Forum Moderators: open

Message Too Old, No Replies

207.42.75.170

         

DavidT

5:00 am on May 20, 2003 (gmt 0)

10+ Year Member



I have a number of links pointing to my site from giftnet.org, periodically I get referrals from there just taking index.html from each page where my link is placed, assume they are link checking.

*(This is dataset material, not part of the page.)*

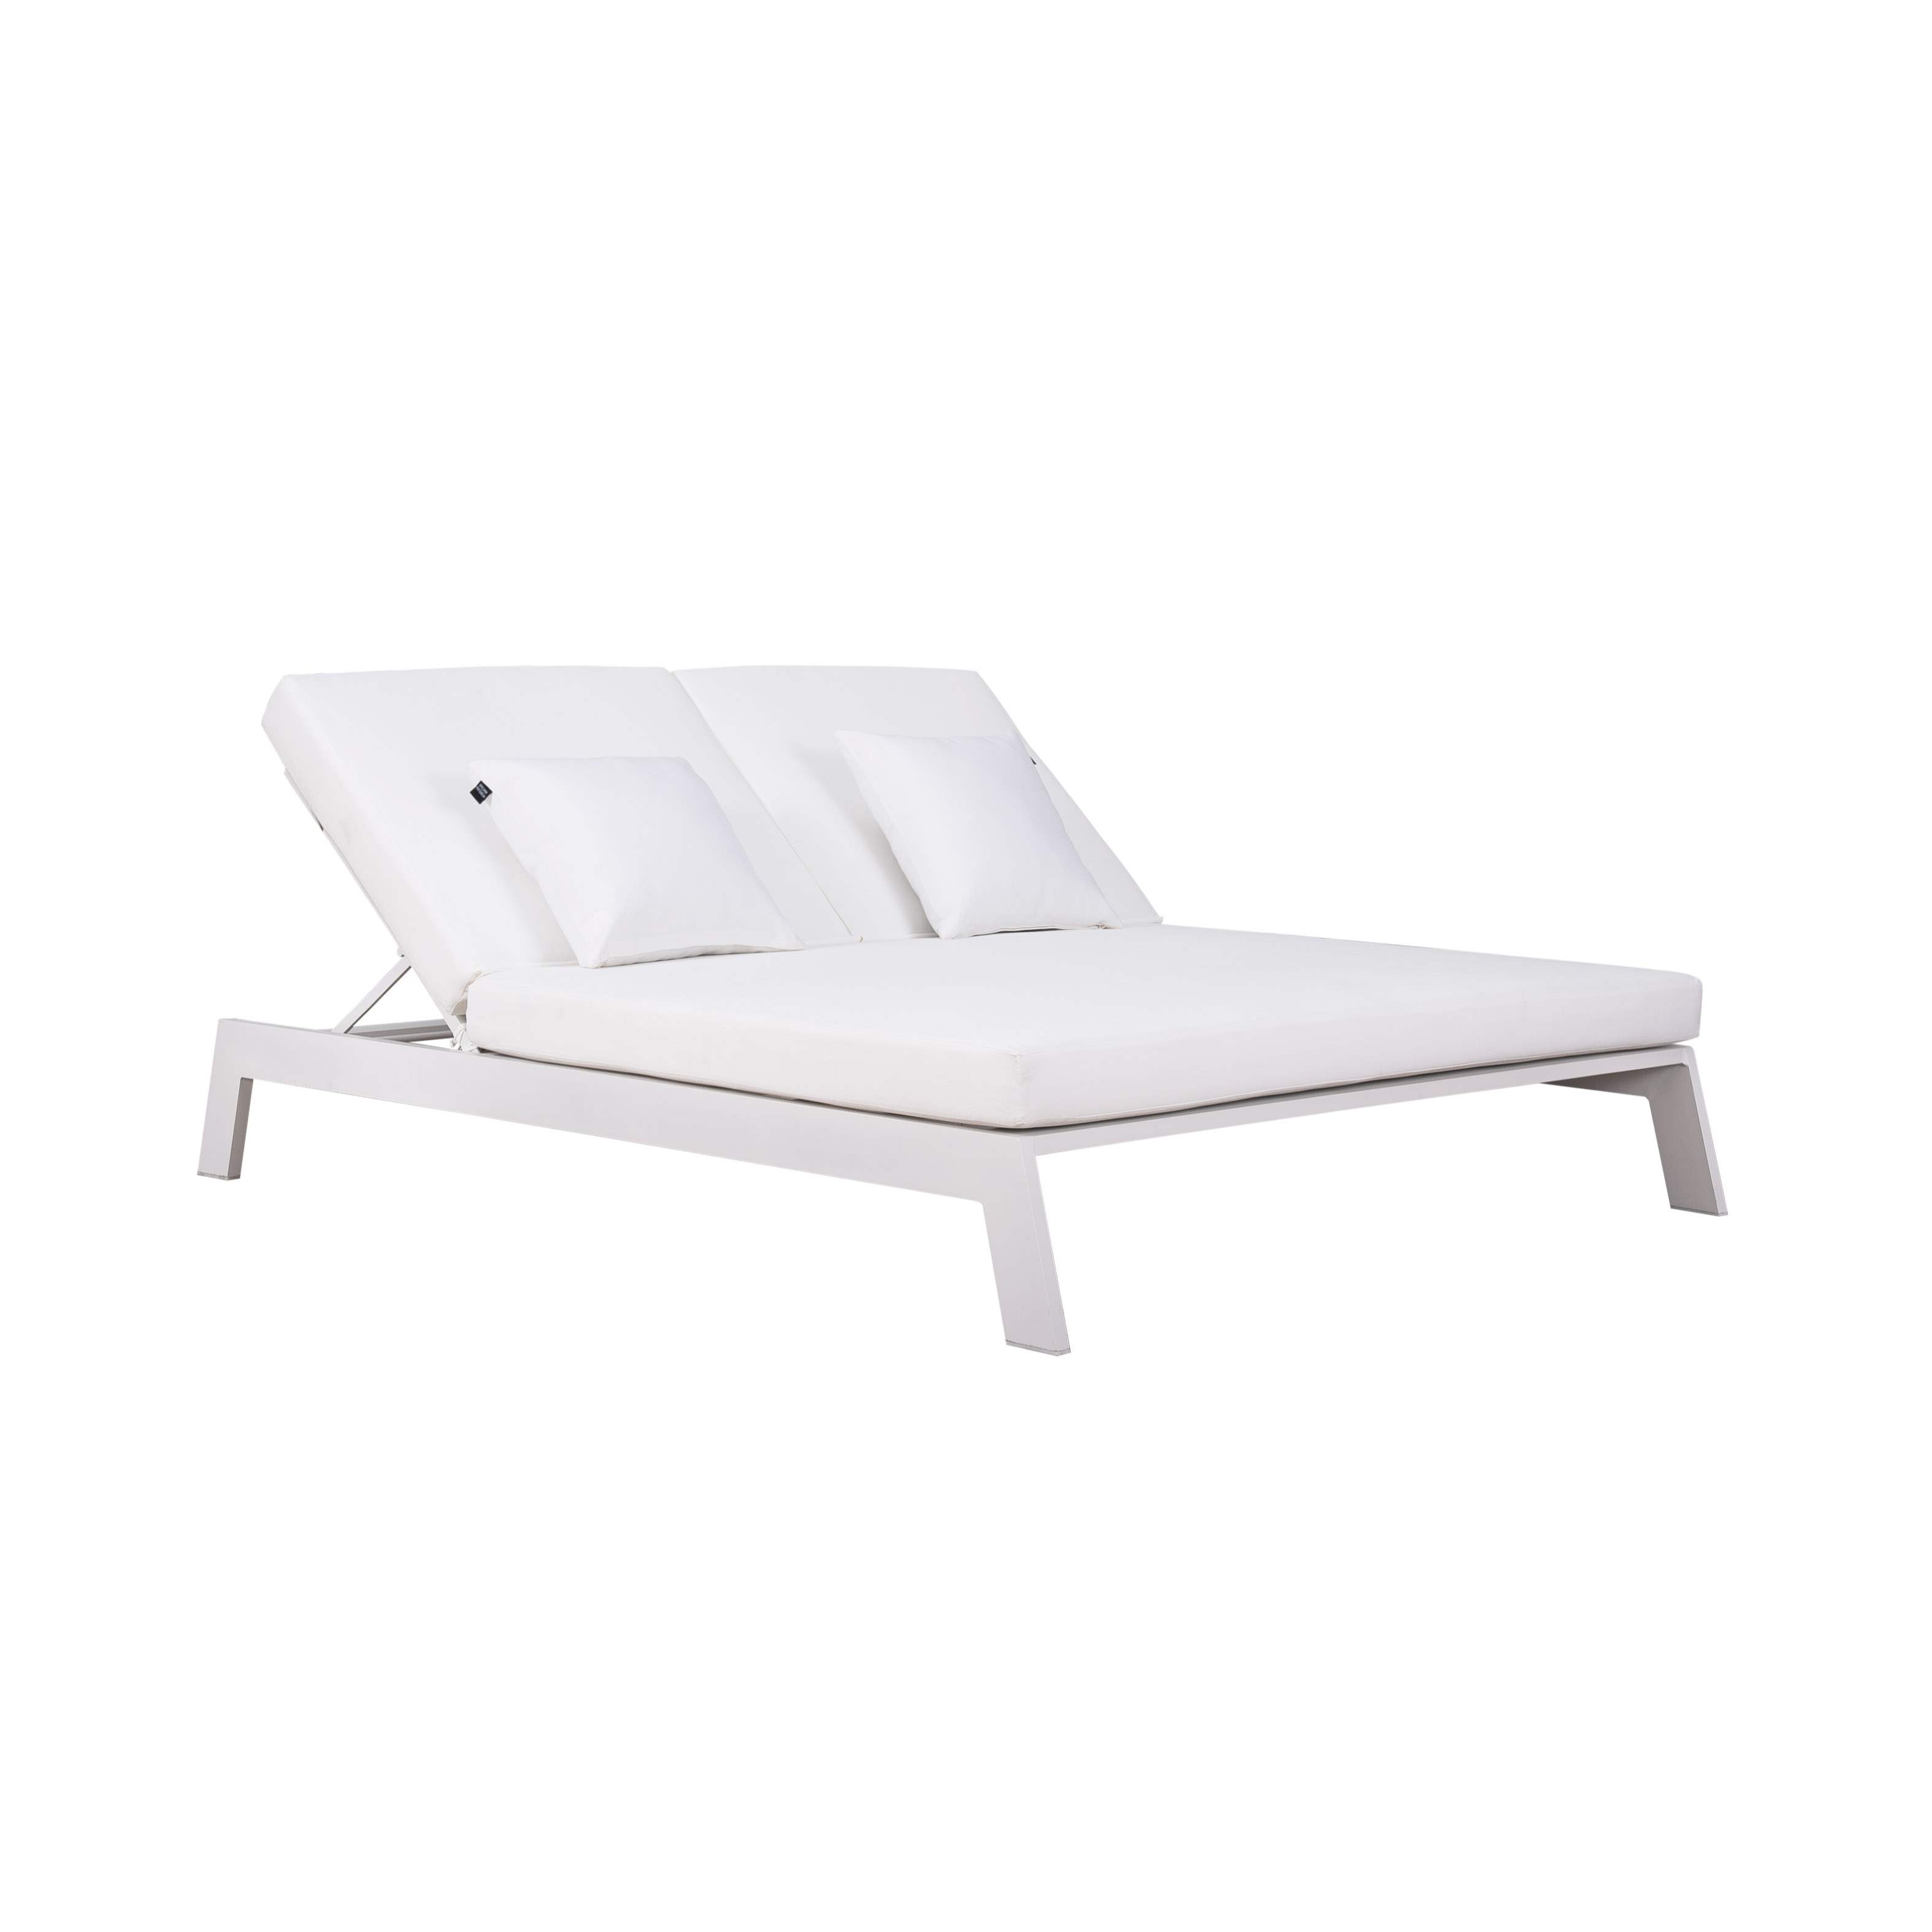 Casa alu.double daybed S4

Same thing today four straight hits to index from 4 different pages where my link is but 20 mins later the same IP came back and ripped through all main pages taking up to 10 pages a second. Don't know what they are playing at if it really is from them. And I wish I could figure out that spider trap thingy......

jdMorgan

5:23 am on May 20, 2003 (gmt 0)

WebmasterWorld Senior Member 10+ Year Member



DavidT,

If you have questions about that spider trap thingy, ask them. The author and many users inhabit these forums, and attacks like you describe last no more than 2 or 3 GETs on our sites.

Jim

DavidT

12:59 pm on May 21, 2003 (gmt 0)

10+ Year Member



Much of the process of setting up the spider trap I can follow ( gathered from here: [webmasterworld.com...] and also here: [webmasterworld.com...] but I hesitate with the changes to .htaccess. I understand that something like this goes in:

# Block bad-bots using lines written by bad_bot.pl script above
SetEnvIf Request_URI "^(/403.*\.html¦/robots\.txt)$" allowsome
<Files *>
order deny,allow
deny from env=getout
allow from env=allowsome
</Files>

My present htaccess file begins like this:
RewriteEngine On
Options -Indexes
Options +FollowSymlinks

Then follows a large number of redirects and RewriteCond's. The final lines of the document are:
RewriteCond %{REMOTE_ADDR} ^65\.102\.17\.(3[2-9]¦[4-6][0-9]¦7[0-1]¦8[89]¦9[0-5]¦10[4-9]¦11[01])$
RewriteRule ^.* - [F,L]

ErrorDocument 404 [mysite.com...]

I am wondering where exactly do I put the spider trap lines and what if any effect this will have on the existing entries and whether it will all 'go together'.

jdMorgan

2:14 pm on May 21, 2003 (gmt 0)

WebmasterWorld Senior Member 10+ Year Member



DavidT,

> I am wondering where exactly do I put the spider trap lines and what if any effect this will have on the existing entries and whether it will all 'go together'.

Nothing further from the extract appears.